Technology suppliers unite to try to prove the value of IT investment to the business

Its been a problem economists, IT companies and IT professionals have puzzled over for years. We all know that applying computer...

Its been a problem economists, IT companies and IT professionals have puzzled over for years. We all know that applying computer technology to business processes make them more efficient, but how can it be proved?

To provide an answer, some of the world's leading IT suppliers have joined forces with a group of US academics to prove that technology investment can deliver real returns.

Backing the project is an A-list of global suppliers including Microsoft, Accenture, BT, Cisco Systems, Hewlett-Packard, Intel, SAP and Xerox, who have created the Information Work Productivity Council, a research centre at the Massachusetts Institute of Technology's Sloan School of Management.

With European corporate IT spending levels stagnant and spending in the US falling in 2001 and 2002, the enterprise IT industry is anxious to develop ways of justifying investment - something businesses have been doubtful of since the dotcom crash and the Y2K problem.

But in the UK the initiative provoked a sceptical reaction from users and analysts. IT directors and chief financial officers have never been less inclined to believe suppliers when they urge new investment today on the promise of jam tomorrow.

However, despite the universal mantra of return on investment, IT funds are still being spent as an act of faith while the business case is being developed.

The £2.3bn investment in NHS IT, for example, is supposed to revolutionise the provision of healthcare. Whether the new systems are appropriate, are wanted by users or will be used by them, remains to be seen.

Erik Brynjolfsson, professor of management at the MIT Sloan School, who will head the new research centre, has for the past 15 years championed the power of IT to improve business productivity. Now, with funding from Microsoft et al, he aims to develop analytical tools to prove it.
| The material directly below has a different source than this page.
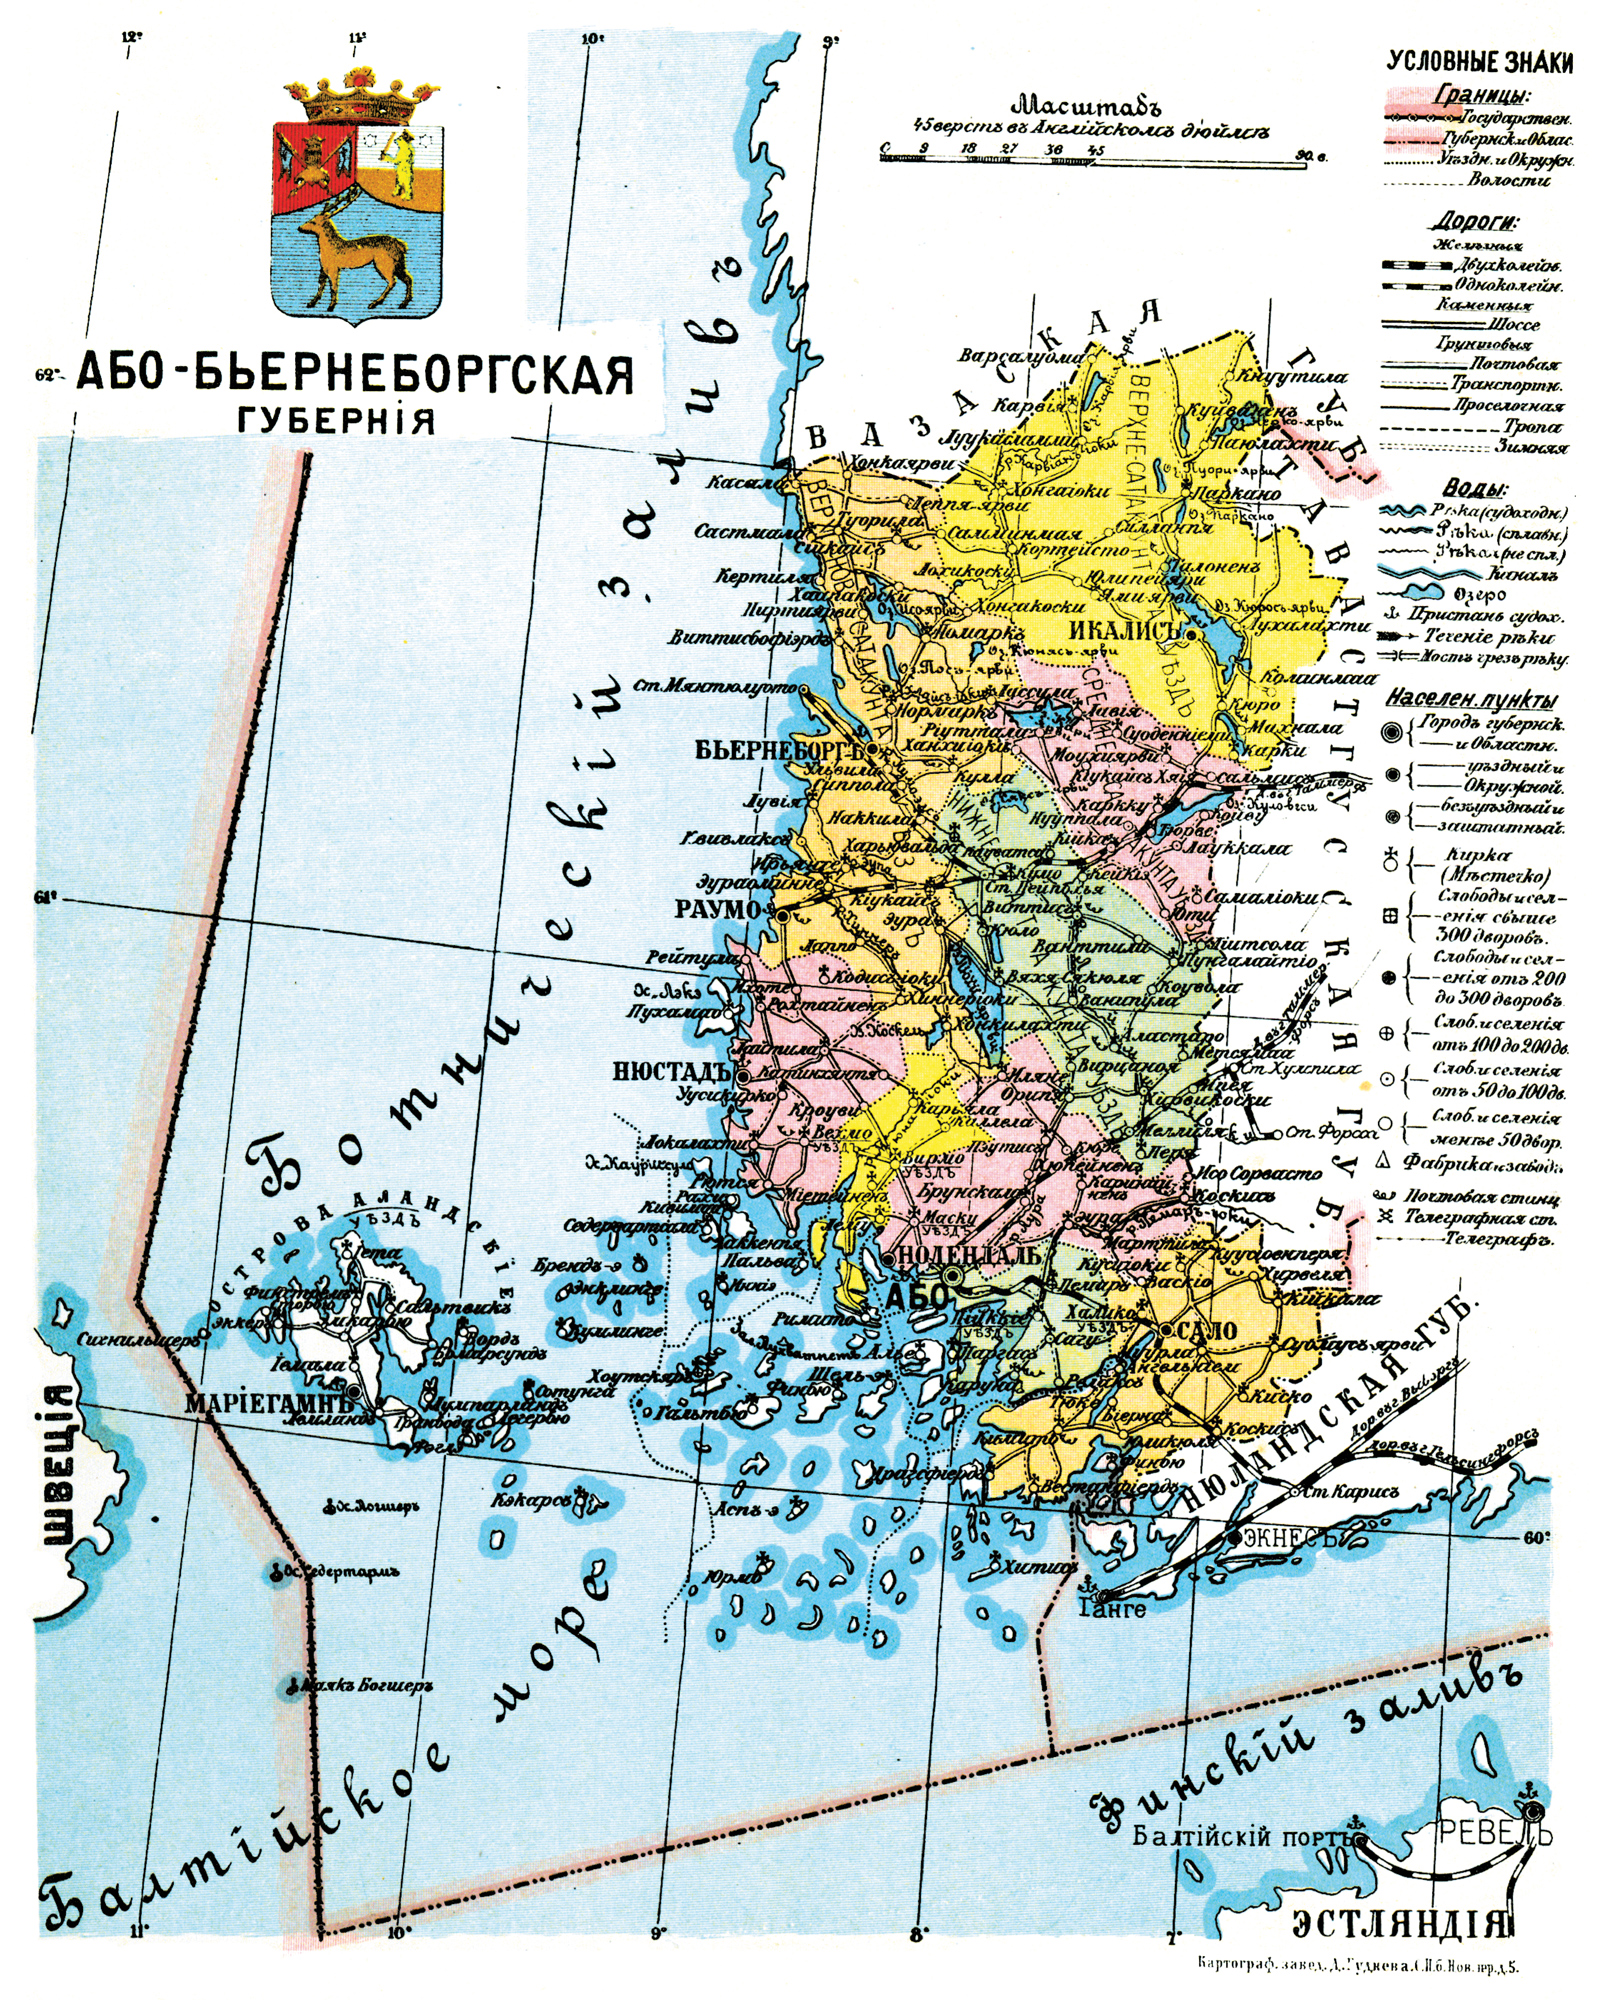 1913. Åbo and Björneborg Governorate

The Information Work Productivity Centre will examine business processes and enabling technologies used by successful organisations to create a standard method for measuring and increasing information work productivity.
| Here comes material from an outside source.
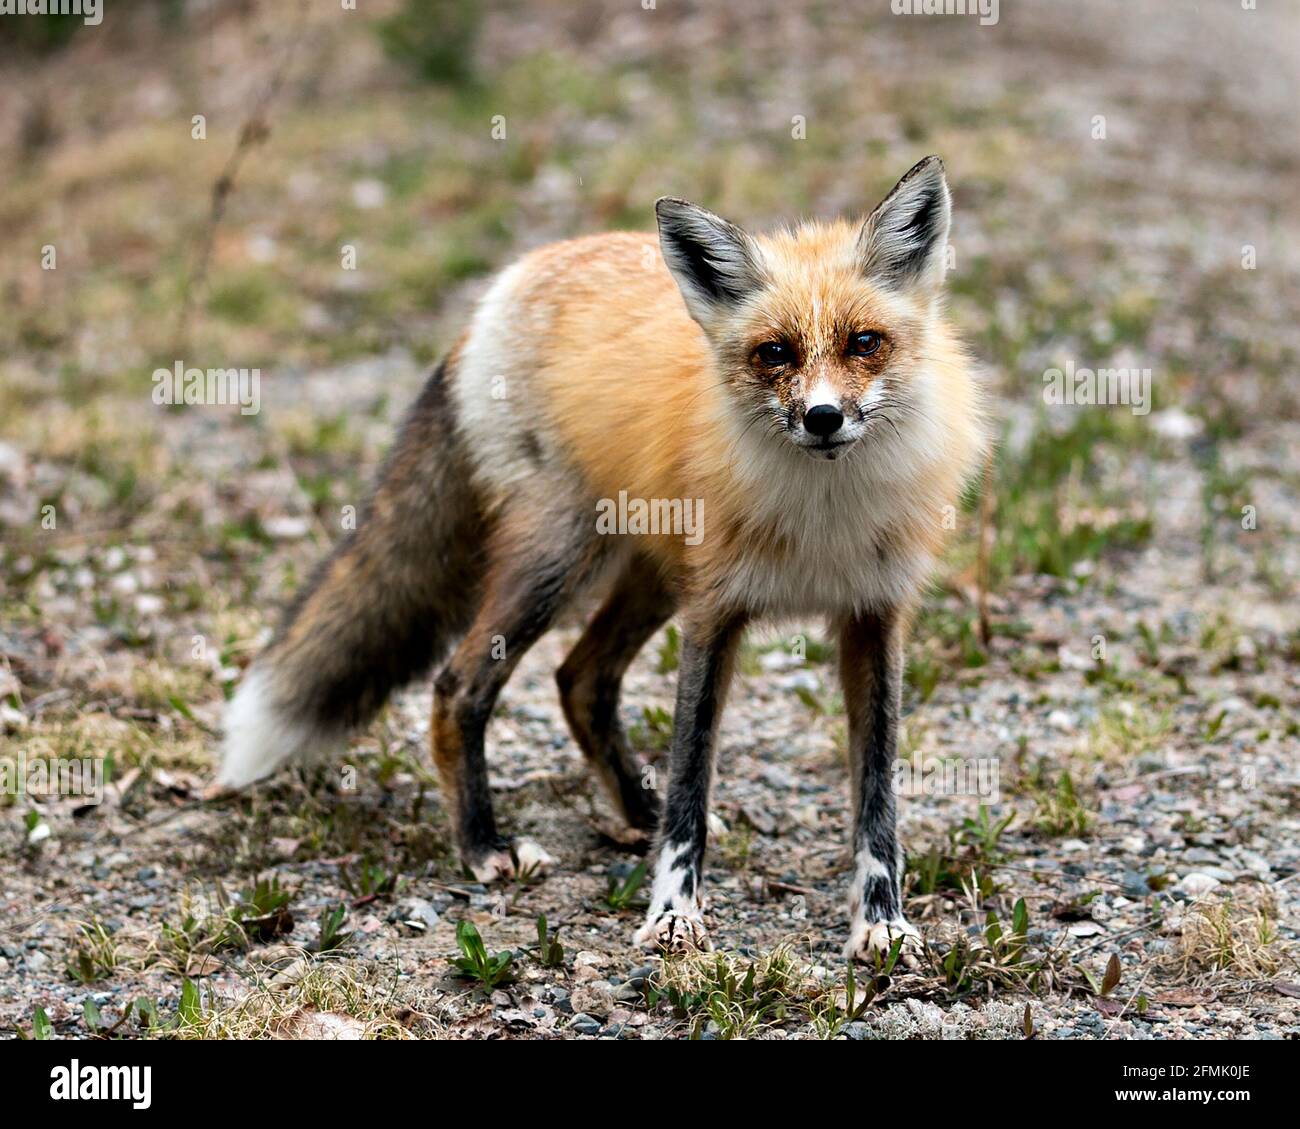 Vista laterale del profilo in primo piano della volpe rossa guardando la fotocamera con uno sfondo sfocato nel suo ambiente e habitat. Immagine FOX. Immagine. Verticale. Foto Stock

"In the industrial era, researchers and executives developed scientific management principles to improve the productivity of their factory workers. Today, success depends on developing new practices to increase the productivity of information workers," Brynjolfsson said .

The key, he said, is IT-based business process re-engineering. "The productivity benefits of IT spending are relatively modest compared with those achieved when IT solutions are combined with innovative changes in work organisation."
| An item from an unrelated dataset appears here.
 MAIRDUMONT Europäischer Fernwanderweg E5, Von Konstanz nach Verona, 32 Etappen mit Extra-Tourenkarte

Danny Garvey, vice-president of BT Global Services agreed. "Despite current technology innovations, most companies are not achieving their highest potential. The centre will play a critical role in providing insight into where disconnections exist between technology and business processes," he said.

However, David Roberts, chief executive officer of Tif, the Corporate IT Forum, said the new centre and its supplier sponsors are "seriously missing the point".

"The real issue for users is the cost of software, not the productivity of labour. IT departments are being told to get value from what they already have before spending more," he said.

Richard Holway, director of analyst organisation OvumHolway, is sceptical about what the centre might produce. "We are always dubious of any research funded by interested parties to prove their point," he said. The question of whether IT has produced any productivity gains may be "unanswerable", he added.

"We actually suspect that most IT is implemented because it is there."

Response from the IT profession       

Senior IT professionals in the UK are sceptical about the value of the Information Work Productivity Council and the findings it might produce. 

Paul Barnett, group IT manager of nationwide car dealership Reg Vardy, said, "There is a long way between this initiative and the real world." 

Setting up organisations to tell IT departments about the importance of IT spending and the need to constantly re-evaluate business processes is like "teaching your grandmother to suck eggs".  

"We are very business focused already," said Barnett. "Any IT manager worth their salt and backed by a progressive board can turn IT into a business benefit." 

Dominic Connor, head of IT at King & Shaxson, a firm of bond brokers in the City of London, said, "What IT managers need is tools that predict ROI, not documents that sound like a factory for happy stories. 

"They just send these documents to technical people, telling them that spending money on computers is good."  Elaine Clark, group IT manager at the Chelsea Village complex, which houses Chelsea Football Club, said she would take anything the centre said "with a pinch of salt". 

Businesses understand the need to spend on IT and technology can deliver real returns. "You can't use a quill pen any more," she said. 

She also criticised suppliers such as Microsoft for bringing out too many products and upgrades. 

Rather than try and convince corporate users to spend more, Clark said, "[Microsoft] should slow down a bit and make sure its products are more stable before putting them on the market."